We’d like to think that, at least in part, our success begins with our core values as a Rockefeller family institution: Sound science, concern with the well-being of the least fortunate, a commitment to sustaining natural resources, and an understanding that our greatest contribution will be from building the capacity of others to think and act. For this reason, ACR has prioritized pathways for the development of innovative and transformative offset project types that can achieve major emissions reductions, strengthen the resiliency of natural systems, increase food security and benefit people.

We’re pleased to report that new offset projects are already in the development pipeline utilizing the four new voluntary carbon offset methodologies approved by ACR in 2012 including a first-of-akind methodology for emissions reductions from Restoration of Degraded Deltaic Wetlands, a rigorous and pragmatic methodology for Reduced Use of Fertilizer on Agricultural Crops, a ground-breaking methodology for Truck Stop Electrification that offers air quality co-benefits, and long-awaited REDD methodology modules. ACR also published its Nested REDD+ Standard, which provides technical and safeguard requirements for REDD+ projects nested within a jurisdictional accounting framework to register on ACR.

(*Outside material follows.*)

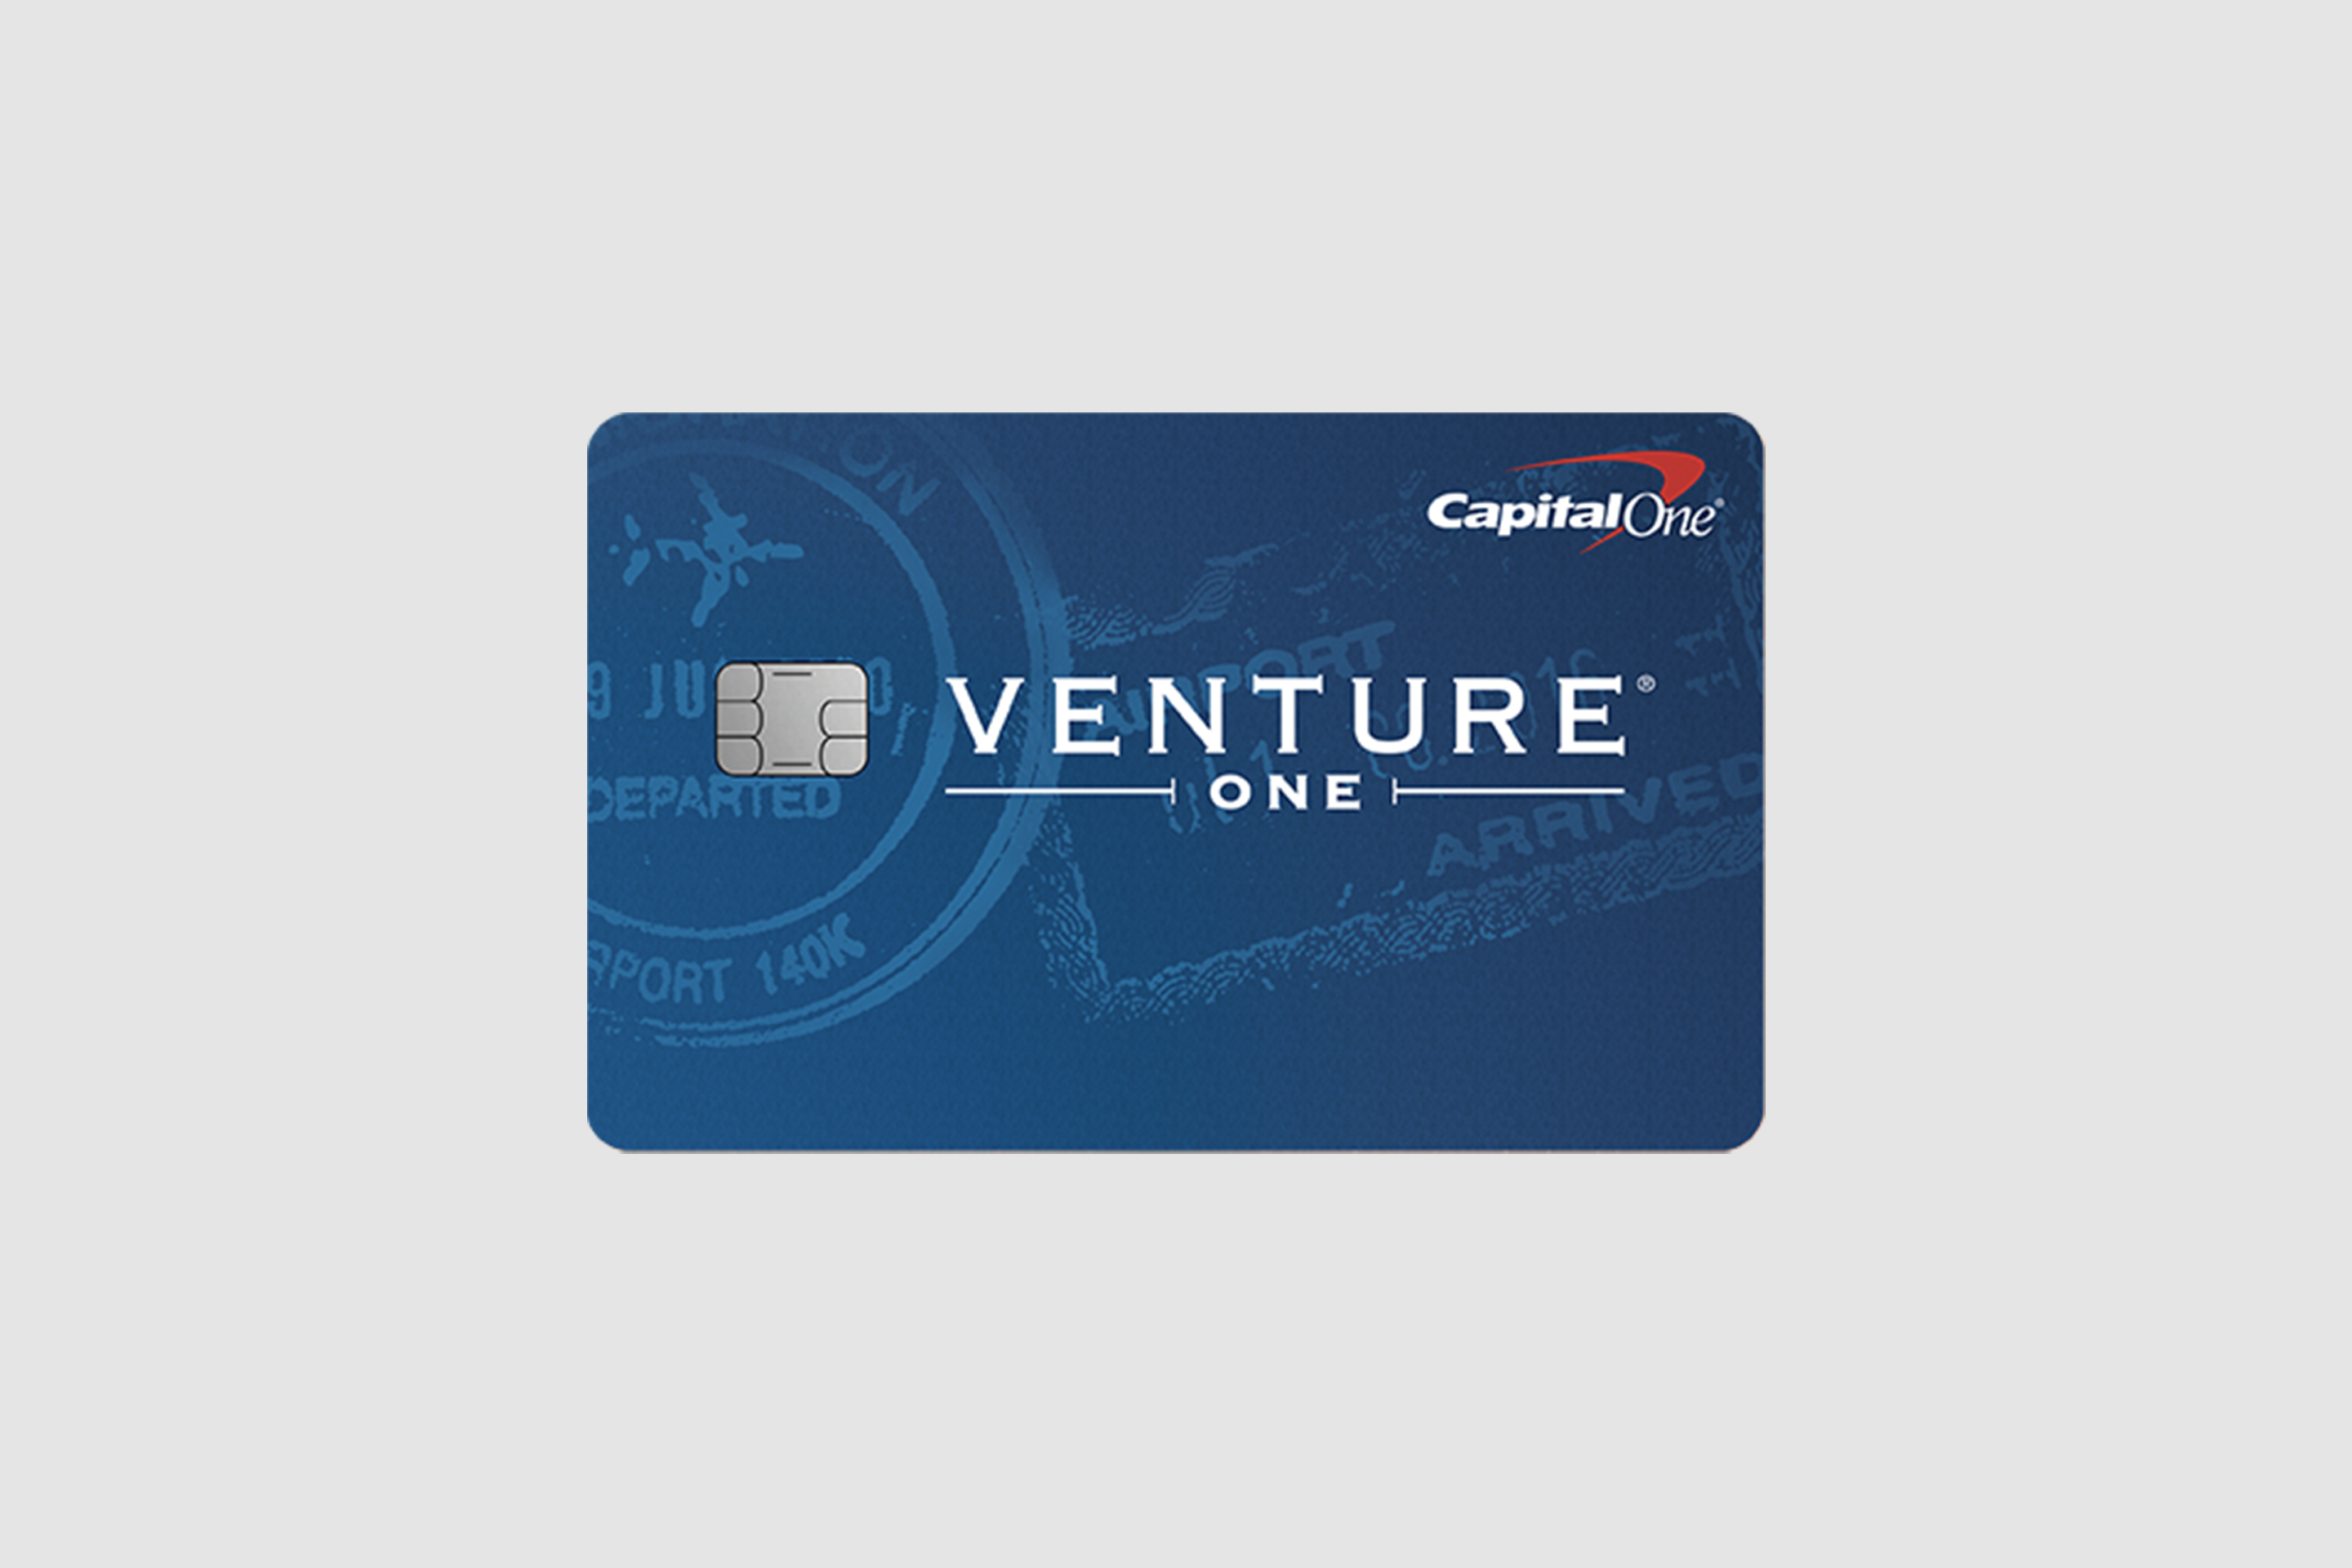 Capital One Venture One rewards Credit Card

We are proud of the tool developed in partnership with the China Beijing Environmental Exchange and completed in 2012 that can help assess impacts on poverty achieved by implementing agriculture and forestry projects under the Panda Standard.

Four additional carbon offset methodologies are currently in ACR’s approval process for publication in 2013 including California and Mid-South modules for Emission Reductions in Rice Production, a modular approach to Grazing Land and Livestock Management in beef and dairy production, a methodology for Avoided Conversion of Grasslands and Shrublands to commodity crop production, and a methodology for quantifying emissions reductions from Carbon Capture and Storage in Oil and Gas Reservoirs.

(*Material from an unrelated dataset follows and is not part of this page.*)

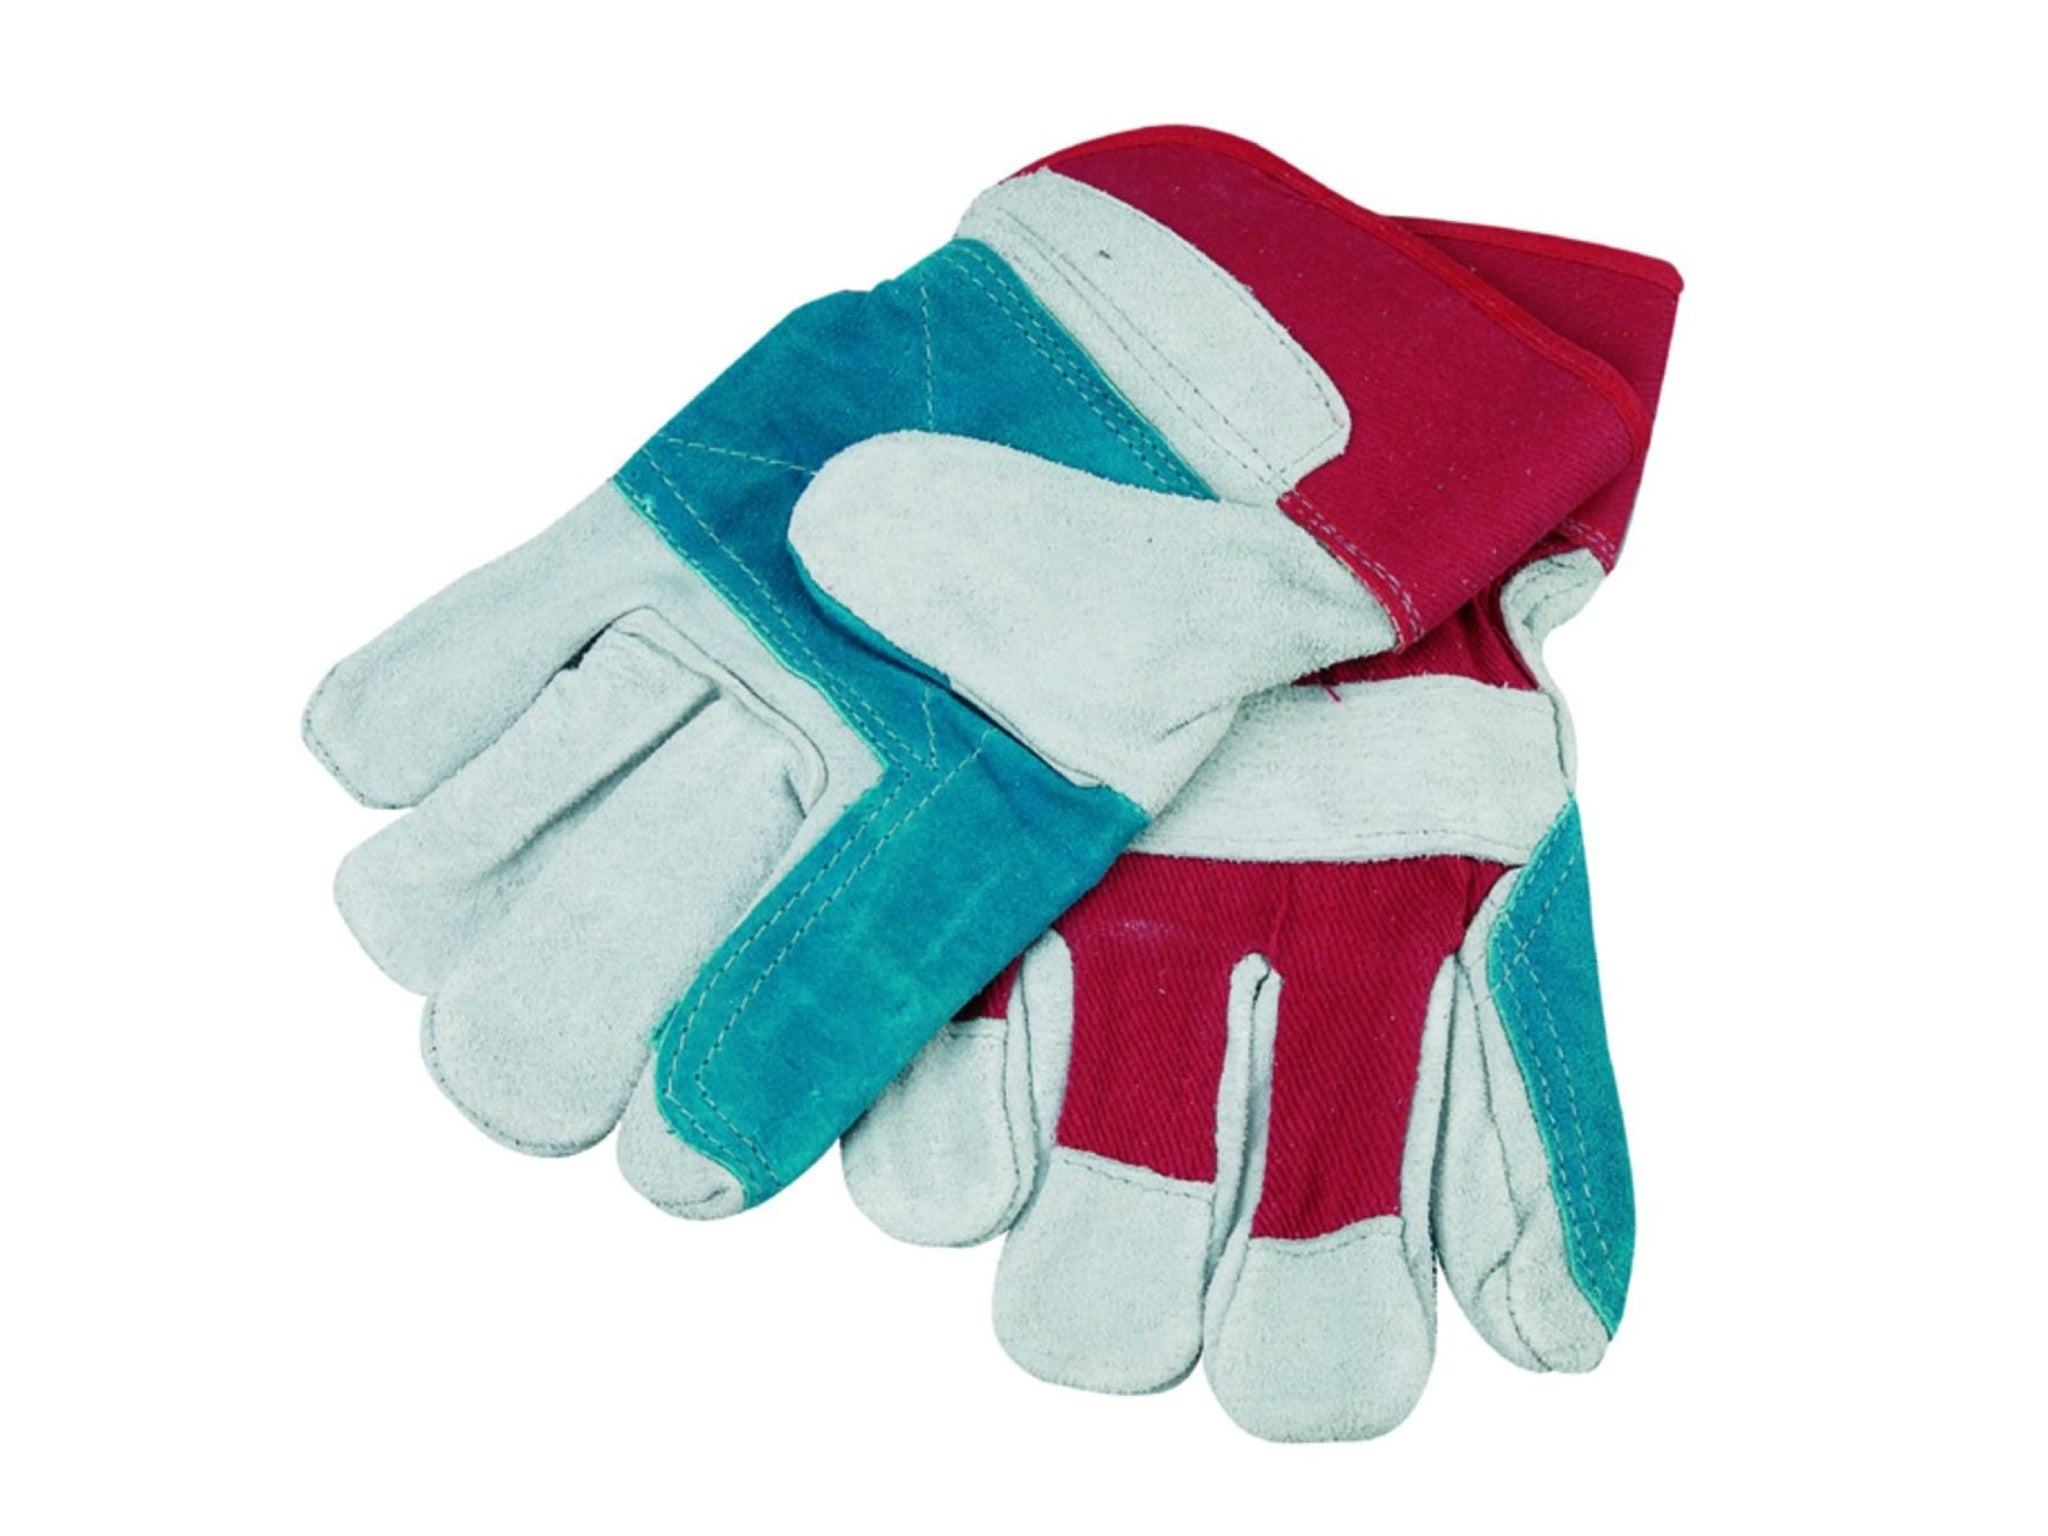 Wickes premium rigger tear resistant gloves indybest.jpg

We are heartened that despite the domestic and international political challenges that have limited actions to address climate change, the year brought broader recognition and acceptance of the science of climate change along with a greater understanding of its likely costs.

We are encouraged by the consensus on a need for action, as highlighted by President Obama in his inaugural address in which he boldly stated, “We will respond to the threat of climate change, knowing that the failure to do so would betray our children and future generations.  Some may still deny the overwhelming judgment of science, but none can avoid the devastating impact of raging fires, and crippling drought, and more powerful storms.  The path towards sustainable energy sources will be long and sometimes difficult.  But America cannot resist this transition; we must lead it.”

In the U.S., California is taking the lead, alongside many other countries and jurisdictions around the world that are preparing to launch carbon markets. ACR remains steadfast in our commitment to demonstrate the value of market-based mechanisms to mitigate the impacts of climate change, and we are eager to collaborate more closely with organizations and institutions in the U.S. and around the world to pioneer new approaches to incentivize climate action.

We look forward to another groundbreaking year of hard work with ACR members, partners and supporters.